Do I start with a GIA this year and then switch my ISA to one that I can actively manage in the new tax year? I will not be investing huge amounts into ETFs at this stage, so am unlikely to make any taxable profit, but I’m really keen to start getting the feel of it.

Thank you


Answered by

Hi Naomi,

Thank you for your question.

You are only able to open one ISA each tax year, so if you opened your existing Stocks and Shares ISA in the current 2022/23 tax year, you will need to wait until 6th April before you look to set up a new ISA. If you are really keen to start self-managing some investments you could look to set up a GIA this tax year which you would fund as an alternative.

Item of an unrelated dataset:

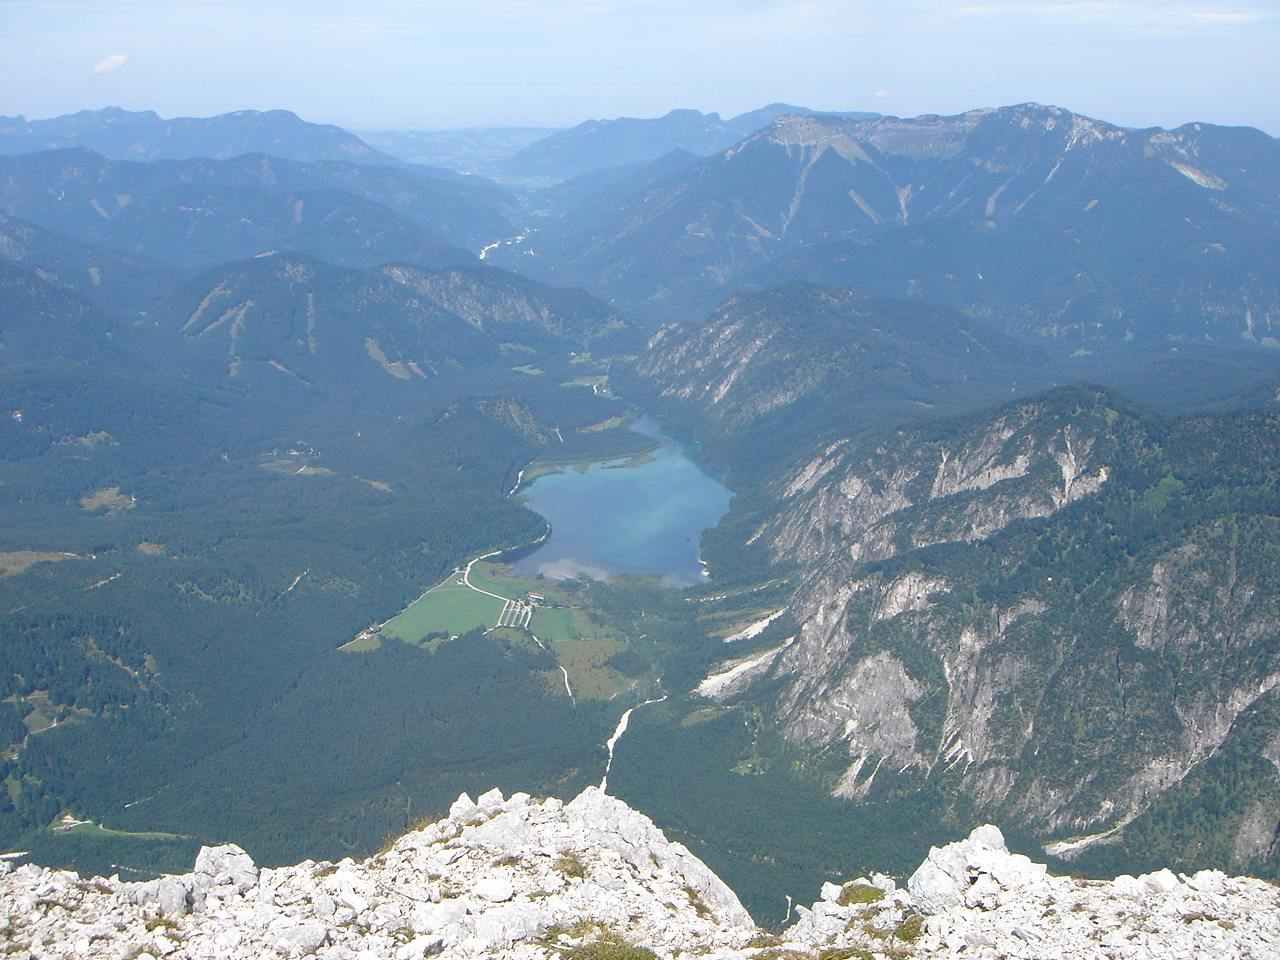 Foto: Manfred Karl / Wander Tour / Auf den Zwölfer über den Grießkarsteig / Tiefblick vom Nordgipfel zum Almsee. / 18.05.2007 14:37:37

You have your capital gains allowance of £12,300 which can be used to offset any realised gains within the account however any other income (i.e. interest or dividends) may need to be declared and may be taxed.

On 6th April you could then establish a new self-managed ISA which you can transfer your existing ISA into (with no impact on your allowance for the year). You could also look to move the funds in your GIA into the ISA to ensure the funds benefit from the tax-efficient ISA structure however you will need to be mindful of your £20,000 ISA allowance.

When it comes to self management it is important you consider the amount of risk you are taking with your funds. We usually assess this by considering three key things:

  • Your attitude to risk which represents how comfortable you are seeing your investment go up and down in value.

  • Your capacity for loss which is how much risk you can afford to take. This will come down to timeframe and your objectives for the money.

  • Risk required which represents how much risk you need to take with the money to achieve your objectives.

Once you have determined your overall risk appetite, you can then establish a suitable asset allocation for your GIA and ISA money. Risk is managed by diversification, and it is important you understand how different assets can impact the risk you are exposed to, and the spread of assets which would be suitable to achieve your assessed attitude to risk. It is then crucial that you monitor and realign your investments on a regular basis (i.e. annually).

I would also encourage you to consider how these investments fit into your overall plan. The first step when considering your overall financial security is to make sure that you are retaining an emergency cash buffer. Whilst this money is not exciting or working particularly hard for you, it is there to provide you with protection and security. You may also want to consider the option of investing in a pension to build your longer term savings, however, this will depend on your employment status, age, and need to access capital.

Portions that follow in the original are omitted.